The very first thing I do when I piece of work with a new columnar dataset of any size is to convert information technology to Parquet format… and nevertheless I constantly forget the APIs for doing and then as I work beyond different libraries and computing platforms. I'yard tired of looking upwards these different tools and their APIs then I decided to write downwards instructions for all of them in one place. Starting as a Stack Overflow answer here and expanded into this postal service, I've written an overview of the Parquet format plus a guide and cheatsheet for the Pythonic tools that utilise Parquet then that I (and hopefully you) never have to wait for them ever again.

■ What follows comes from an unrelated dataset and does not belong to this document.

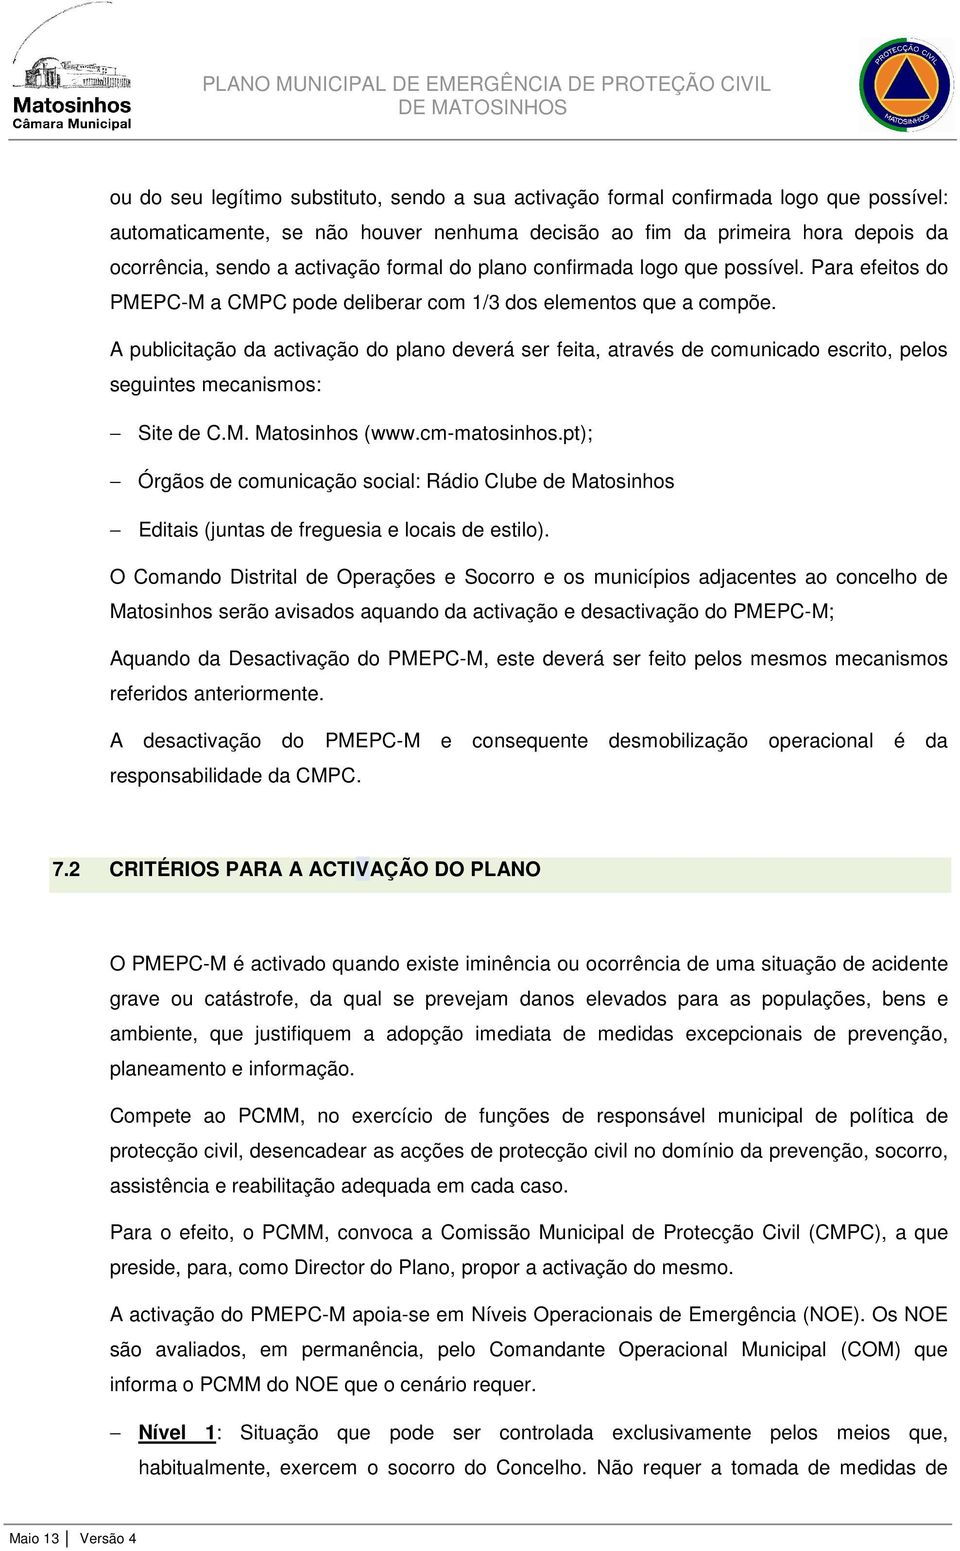 A publicitação da activação do plano deverá ser feita, através de comunicado escrito, pelos seguintes mecanismos: Site de C.M. Matosinhos (www.cm-matosinhos.

Parquet format is optimized in three master means: columnar storage , columnar compression and data partitioning . The 4th style is past row groups , simply I won't cover those today as most tools don't support associating keys with particular row groups without some hacking. Below I go over each of these optimizations and then show you how to have advantage of each of them using the pop Pythonic information tools.

Column-Oriented Storage and Compression

Human being readable data formats similar CSV, JSON also as near common transactional SQL databases are stored in rows. As y'all scroll down lines in a row-oriented file the columns are laid out in a format-specific way across the line. Text compresses quite well these days, so yous can get away with quite a lot of computing using these formats. At some point, however, every bit the size of your data enters the gigabyte range loading and writing information on a single motorcar grind to a halt and take forever. This becomes a major hindrance to data science and motorcar learning engineering science, which is inherently iterative. Long iteration fourth dimension is a first-order roadblock to the efficient developer. Something must exist done!

Enter column-oriented information formats. These formats shop each column of data together and can load them one at a time. This leads to two performance optimizations:

You only pay for the columns you load. This is called columnar storage.
Permit m be the total number of columns in a file and n be the number of columns requested by the user. Loading due north columns results in merelynorthward/yard raw I/O volume.
The similarity of values within separate columns results in more than efficient compression. This is called columnar compression.
Note the event_type column in both row and column-oriented formats in the diagram beneath. A pinch algorithm volition have a much easier fourth dimension compressing repeats of the value party in this cavalcade if they make up the entire value for that row, as in the column-oriented format. By contrast, the row-oriented format requires the compression algorithm to effigy out repeats occur at some offset in the row which volition vary based on the values in the previous columns. This is a much more difficult task.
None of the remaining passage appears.